O paciente foi submetido, em maio de 2002, à timpanomastoidectomia radical esquerda, sob anestesia geral. Observou-se uma massa poliposa ocupando toda a caixa timpânica e englobando os ossículos e bigorna desarticulada por erosão de seu ramo longo. Realizou-se coleta de material para exame anatomopatológico de congelação. A seguir, foi feito o broqueamento da mastóide com limpeza da ponta, ângulo sinodural e do antro que se encontrava preenchido pela massa poliposa e identificado o canal semicircular lateral. O exame anatomopatológico de congelação mostrou tumor muito celular, de características benignas porém agressivas, originado de bainha neural, sem o aspecto de paliçada sugestivo de neurinoma. A orientação do patologista foi para completa remoção, se possível. Prosseguiu-se a cirurgia com broqueamento da parede posterior do conduto decidindo-se por timpanomastoidectomia radical. Foi identificada massa poliposa envolvendo o segmento timpânico e o segundo joelho do nervo facial, sugerindo infiltração neural. Removeu-se a mucosa e massa poliposa do hipotímpano, da região do óstio da tuba auditiva, restos da bigorna e do martelo (que se encontravam englobados pelo tumor) e de toda lesão poliposa não diretamente aderida ao nervo facial. Identificaram-se restos da supra-estrutura do estribo, janela oval e janela redonda. Realizou-se a inversão das bordas de mucosa do óstio tubário, inserção de fragmento de músculo, selamento com cera de osso e meatoplastia ampla.

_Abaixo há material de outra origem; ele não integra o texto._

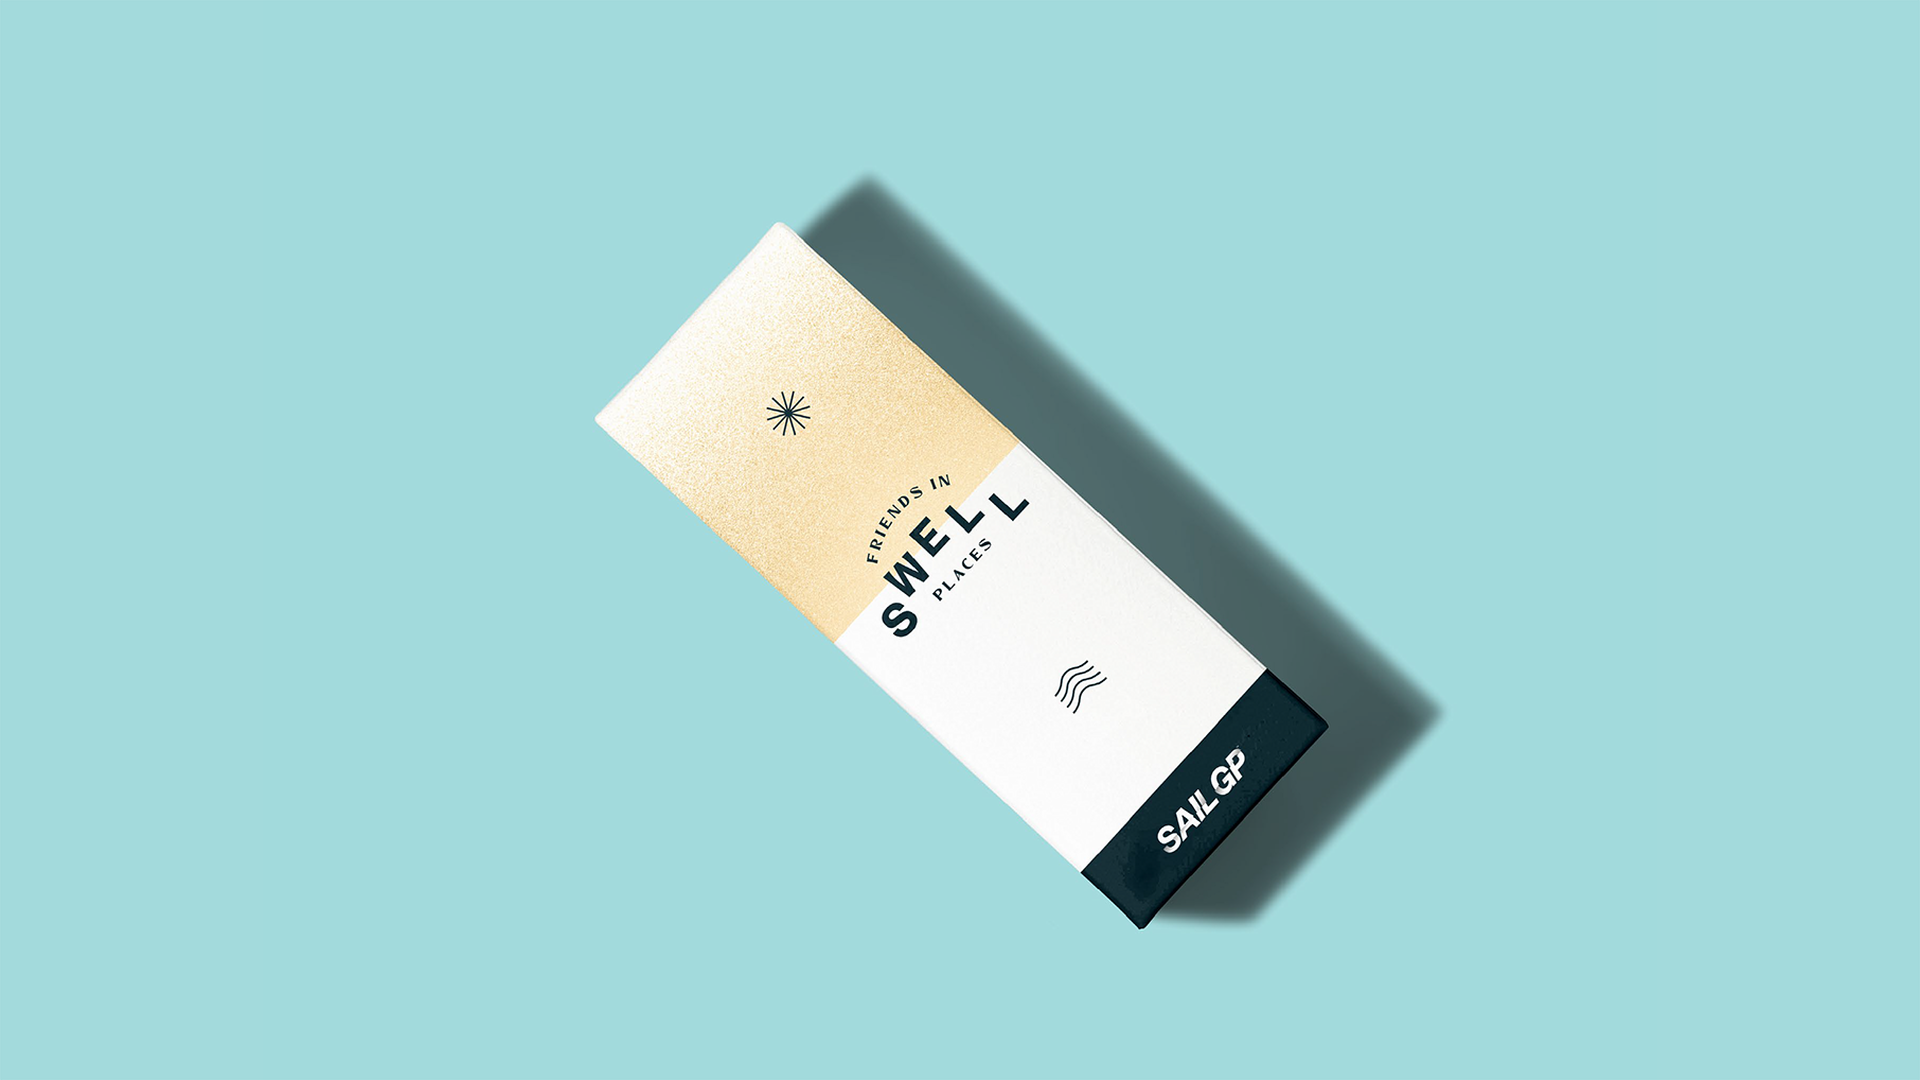 Concept of a Sail GP Friends in Swell Places branded case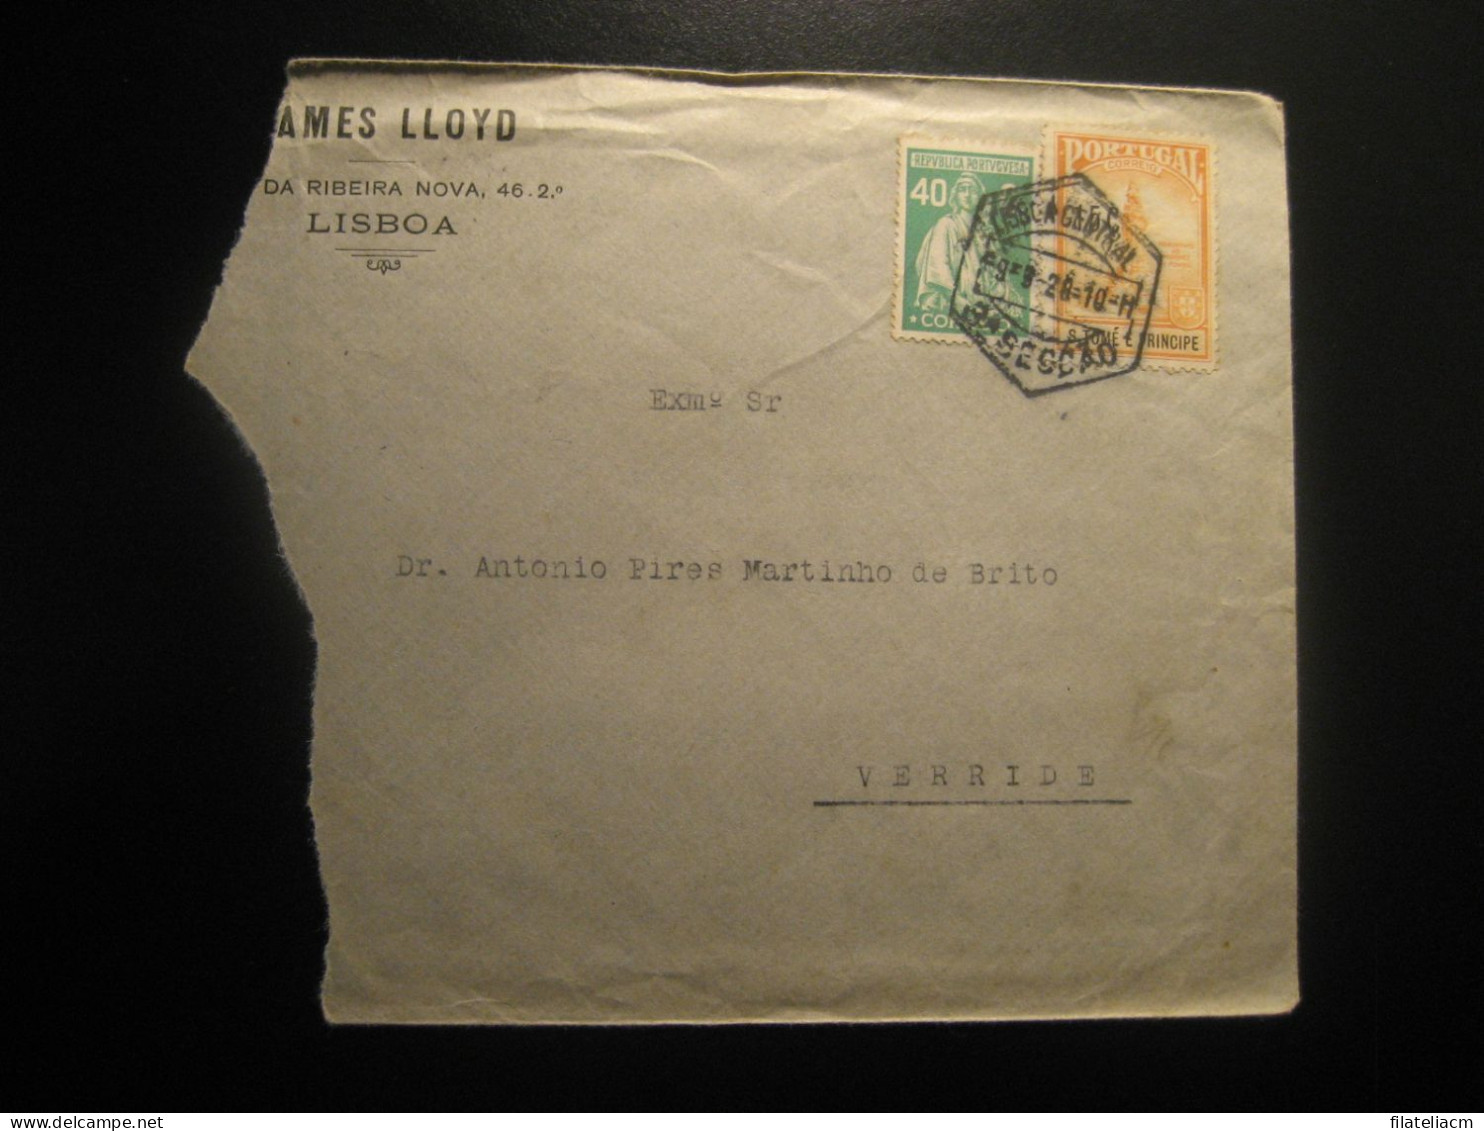 LISBOA Lloyd 1928 To VERRIDE Mixed Franking Stamp Pombal Damaged Cancel Cover Portuguese Colonies Portugal Guinea Area - St. Thomas & Prince

Devido à ausência de um diagnóstico histopatológico definitivo que propiciasse análise do prognóstico e/ou tratamento complementar e, principalmente, a necessidade de discutir com o paciente a relação risco-benefício de uma patologia ainda não definida optamos pela não remoção completa da lesão que se apresentava aderida ao nervo facial.

Anatomia patológica

O material foi fixado em formol a 10%, processado para cortes histológicos através de desidratação em álcoois, diafanização em xilol e emblocado em parafina. Os cortes histológicos foram corados em Hematoxicilina - Eosina e PAS.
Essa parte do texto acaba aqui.